All day at the cottage I try to relax. But it's no use. It's as if it, the sign, is my mother shouting at me, urging me to do something that is the exact opposite of how I'm feeling. I'm not complaining, I like being at the cottage. I'm lucky to be at the cottage. I'm lucky to be surrounded by the instruments of relaxation: Muskoka chairs, books, magazines, beers, TV, beach towels, the beach, water. On the second day after a long sunny interval at the beach, I even felt myself slow down while walking, as if my body got weighed down by bags of sand.
"I think the sun made me tired, "I quipped to my equally unrelaxable partner whose voice was definitely shaded with envy when he said, "Tired? That means you're finally relaxing." "You think?" I said and immediately felt the pressure to stay relaxed and wished for a cigarette to elevate me to the familiar jittery level -- that's what I'm used to, after all.

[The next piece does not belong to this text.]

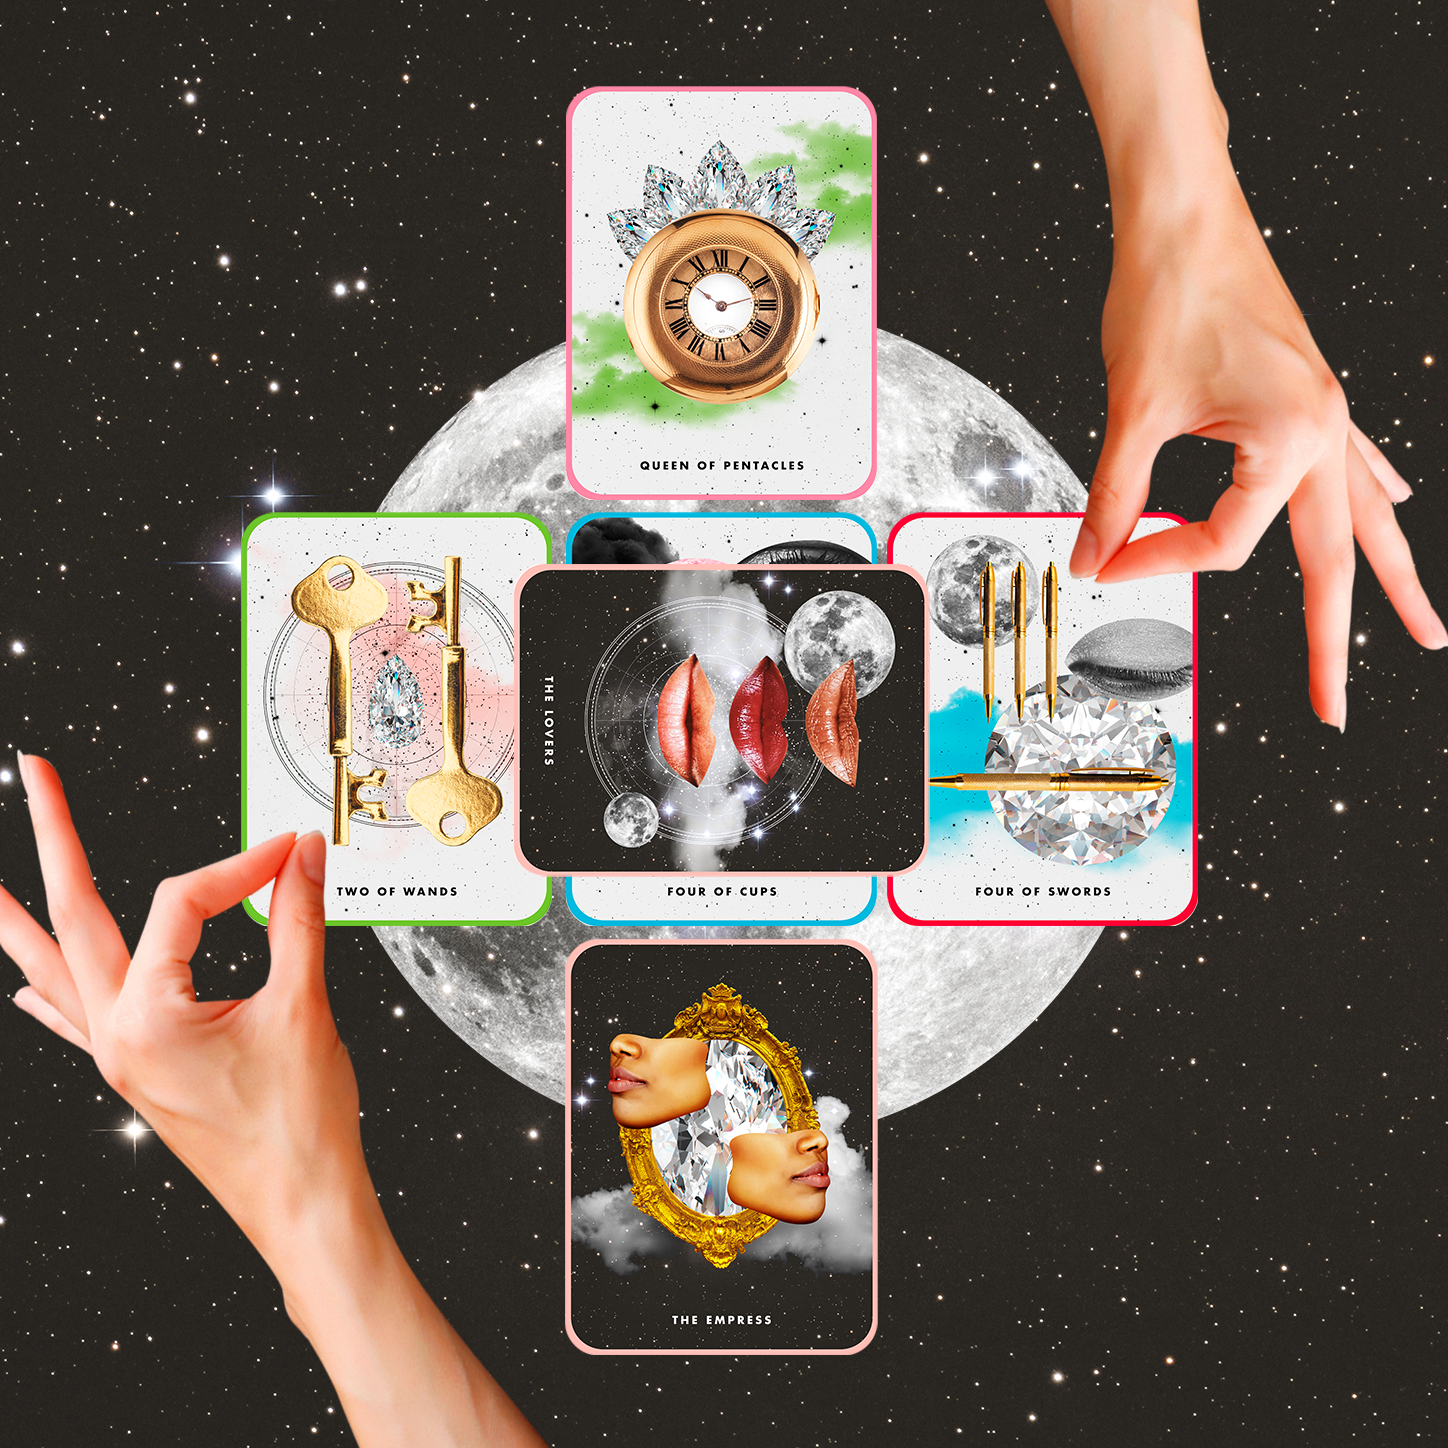 Your Weekly Tarot Card Reading Is Telling You a Secret

I normally live in a city, not in a nice, relax-o-conductive cottage. I live in a city that makes me crazy with its noise and traffic and the way it brings out the strangest feelings in me -- the desire to shout at driving offenders, the wish to shove people who suddenly stand in the middle of sidewalks, the muttering of death threats at children who scream in restaurants, or imagining the open-mouthed corpses of the elderly who dig in their change purses forever at cash registers.

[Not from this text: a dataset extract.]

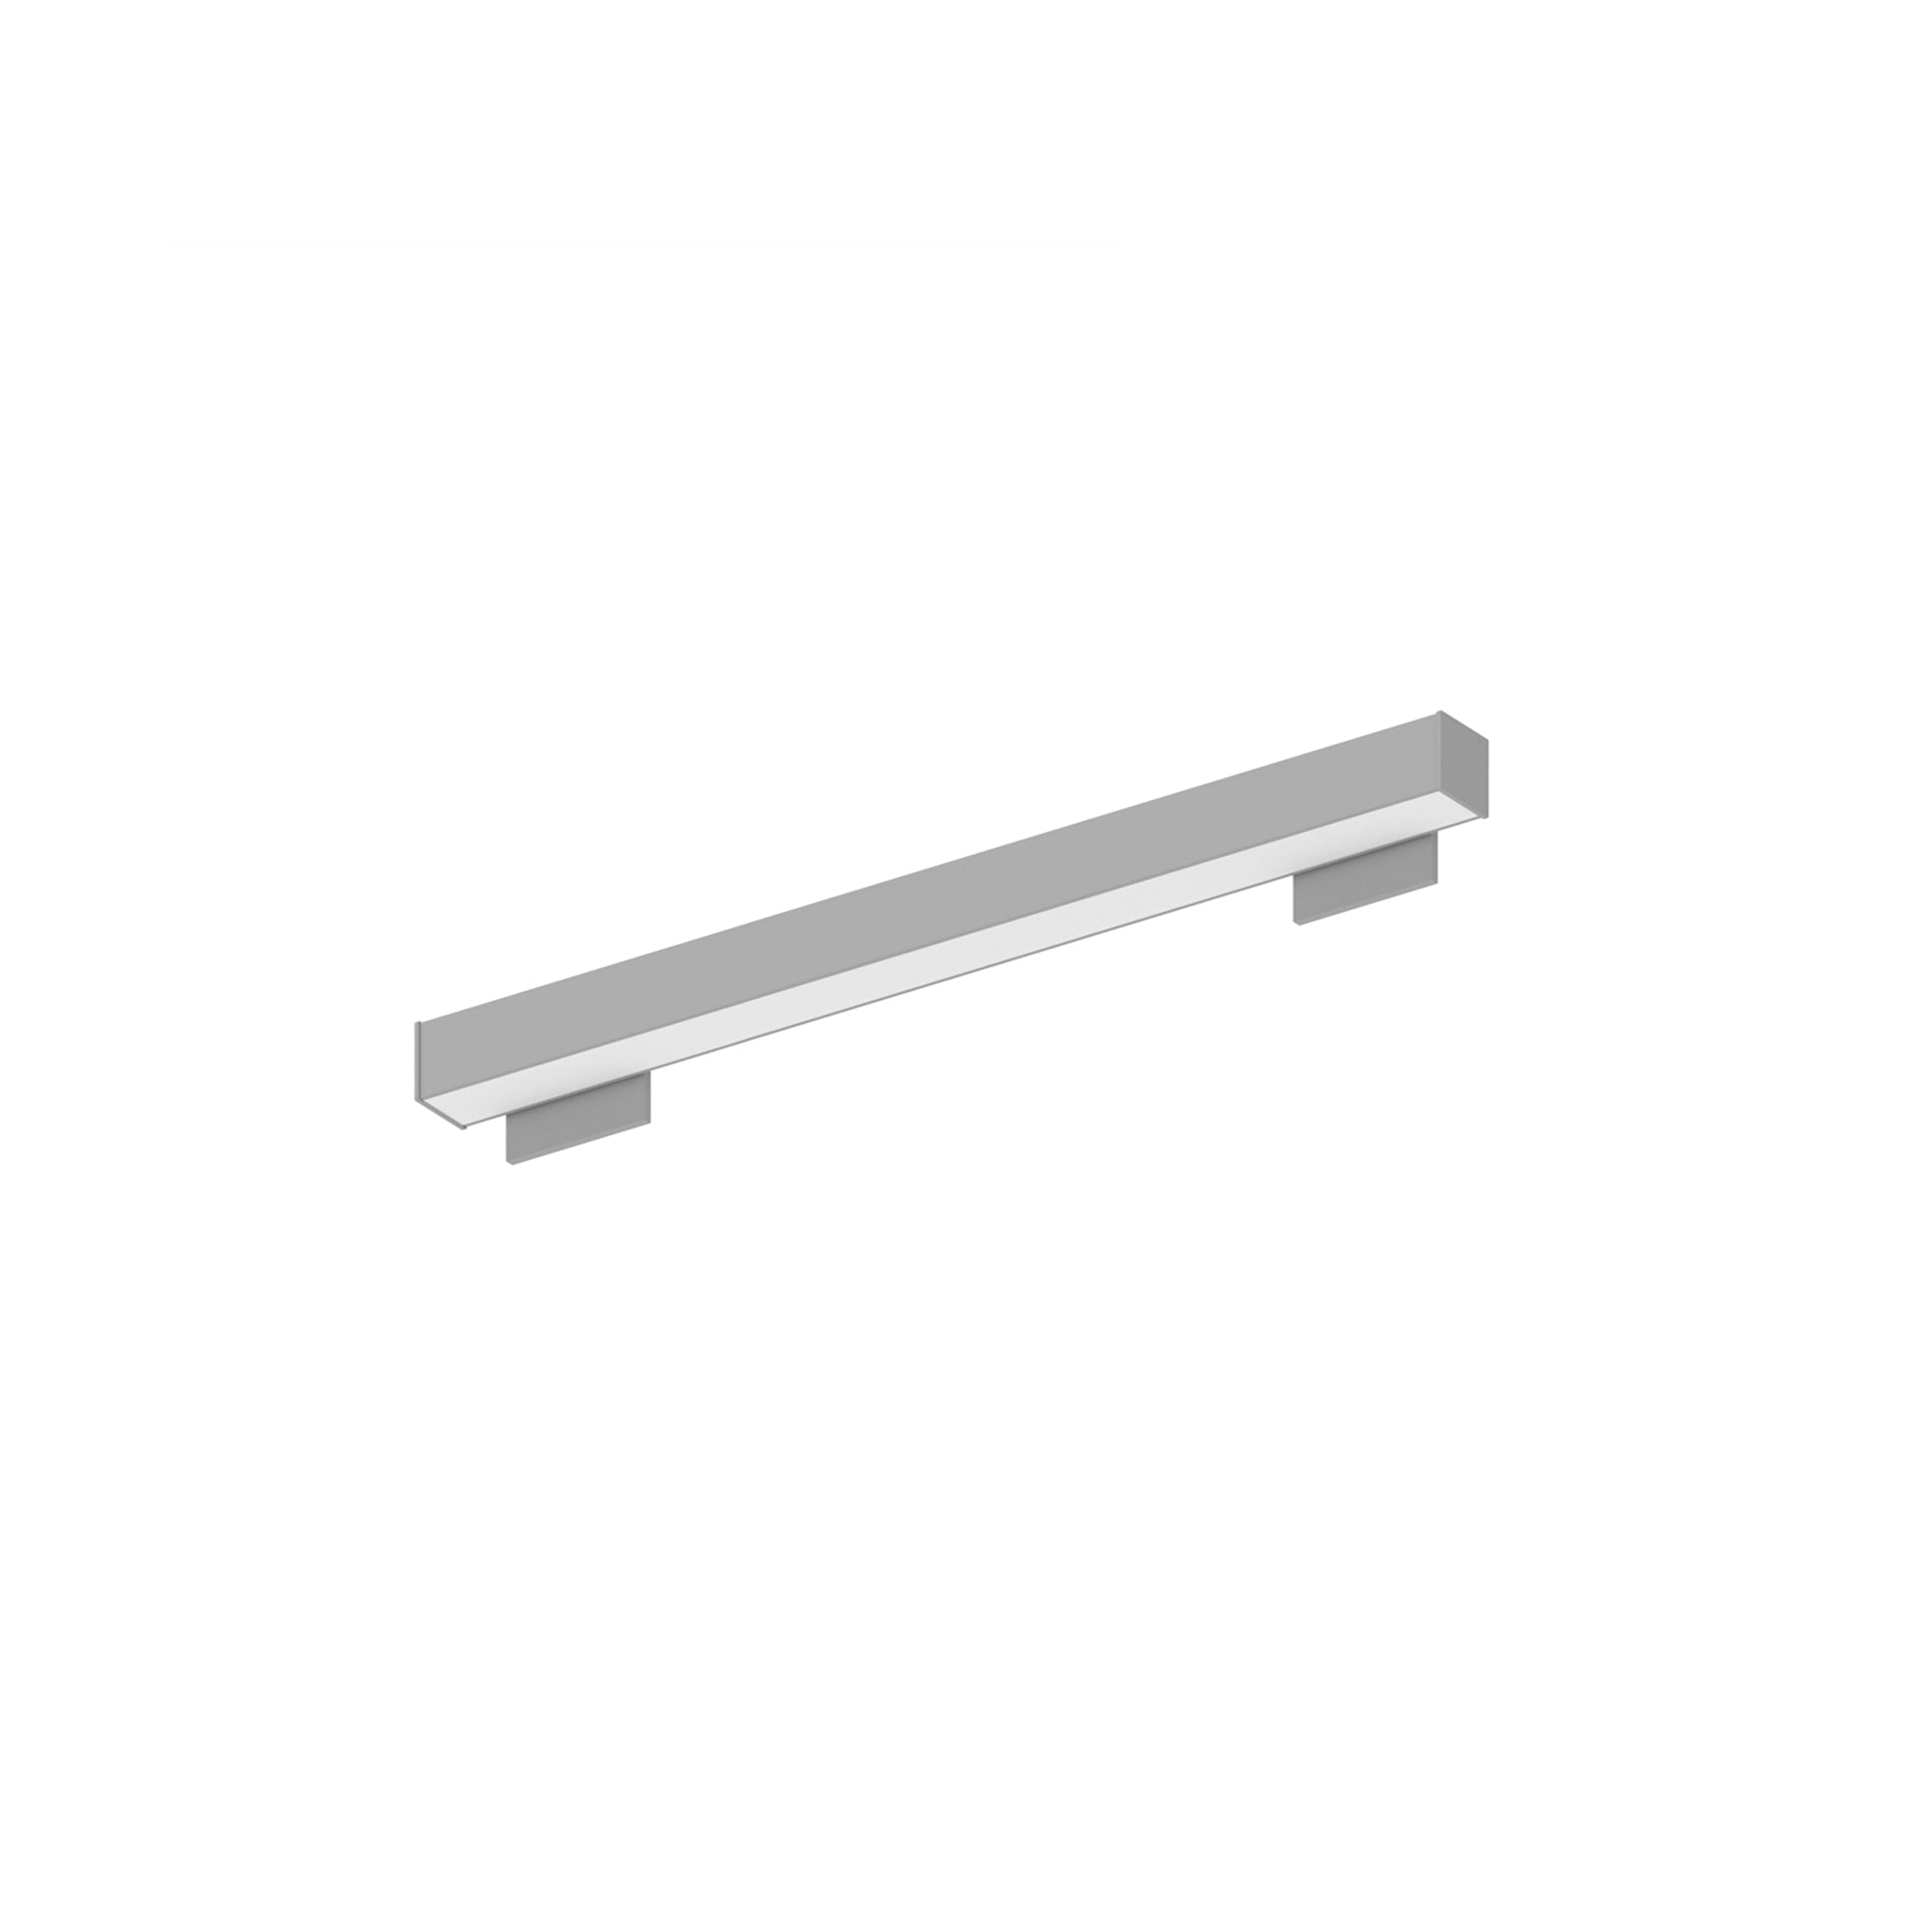 Nora Lighting NWLIN-21035A/L4-R4P - Linear - 2' L-Line LED Wall Mount Linear, 2100lm / 3500K, 4 Inchx4 Inch Left Plate & 4 Inchx4 Inch Right Plate, Right Power Feed, Aluminum Finish

When I leave my house, it feels like I need armour to be able to deal with what's outside. In fact, I do wear a helmet since I like to transport myself through streets filled with a forest of waving, dangerous giant metal cans known as cars, to work and everywhere else I need to get to. I shout rarely but there's always a shout in my head, a siren going off as I bullet-pedal my way to the next destination. I dread leaving the house but I have to leave the house and my body is an alarm going off morning till night.
I used to be upset with my mother for her morning barging in but now I know that she was just training me to be able to deal with the world in which she grew up. And now that I'm a mother myself I suppose I should begin similar training with my son though I still have it in me to shield him from the world falling to pieces around us and naively I hope to keep my stress gauge to myself.

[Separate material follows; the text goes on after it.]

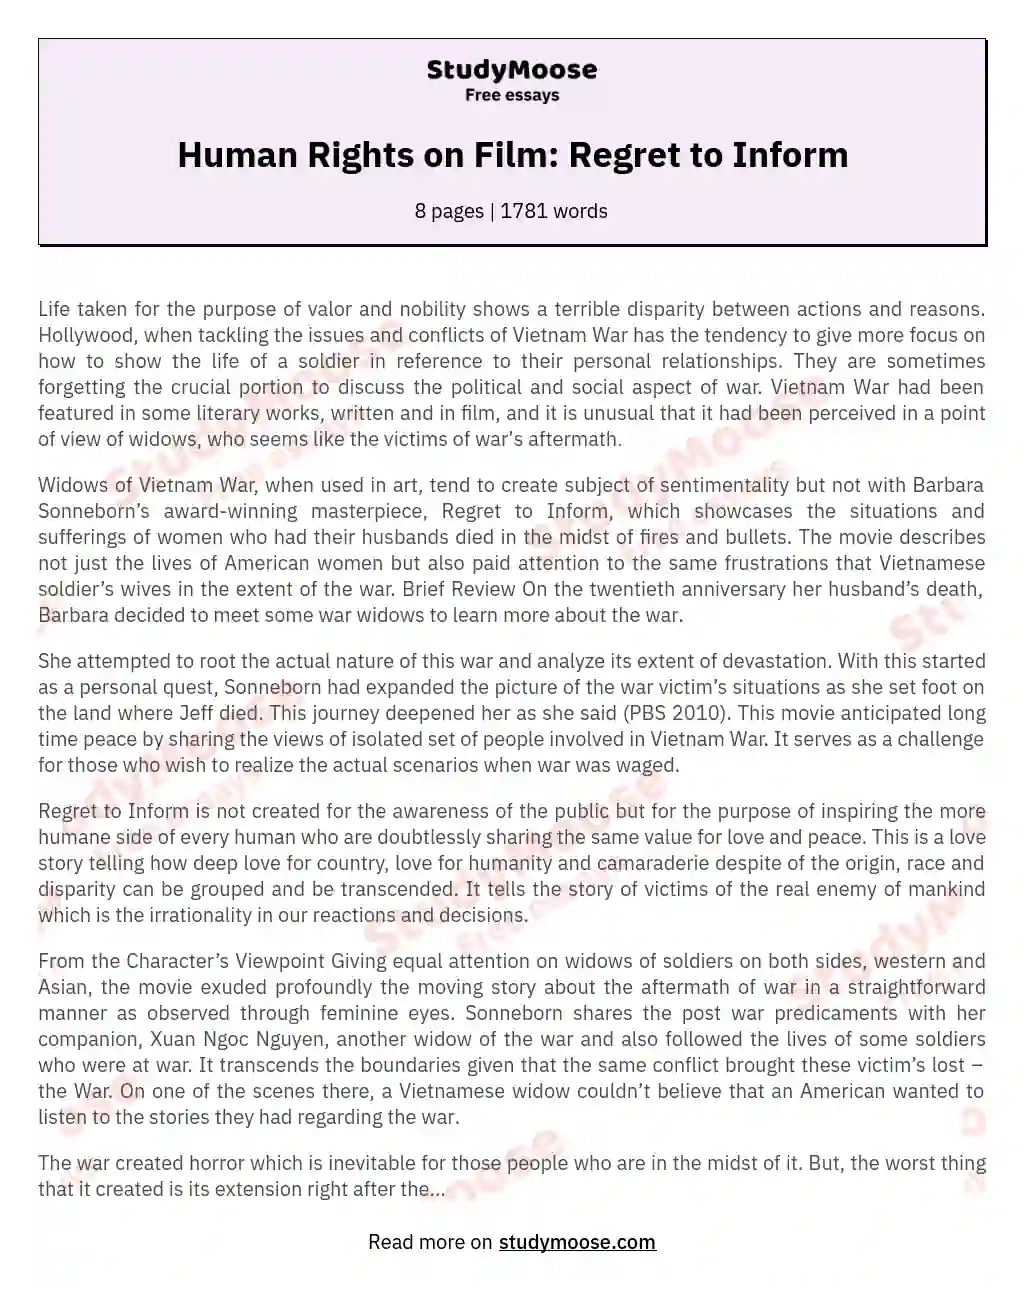 Human Rights on Film: Regret to Inform

My son is at the cottage with me. He sleeps in the room next to mine. He sleeps with his chubby arms thrown over his head, an embodiment of relaxation. He wakes up screaming happily, "Mommy wake up," and it's the best kind of morning shouting in the world. I run to his room, completely unrelaxed on my own accord and scoop him up in my arms and tell him that we're going to go to the beach where I can, hopefully, eventually get so weighed down by all the sand and sun that I will finally naturally and magically calm down.
I only have about five more days left to do this properly, to unwind, which is the kind of a deadline I can work with -- as a city person I'm all about deadlines. And I know from the past holidaying experiences that I will get there on the last day, before stuffing myself and my suddenly slacker family into the metal can and driving back to the city that beckons with its promise of unrelaxing me immediately.
But that one day, the final day, will be the happy feeling in my mind for a long time, a true idea of what the wall at the cottage is suggesting.
And that will do, hopefully, till the next summer.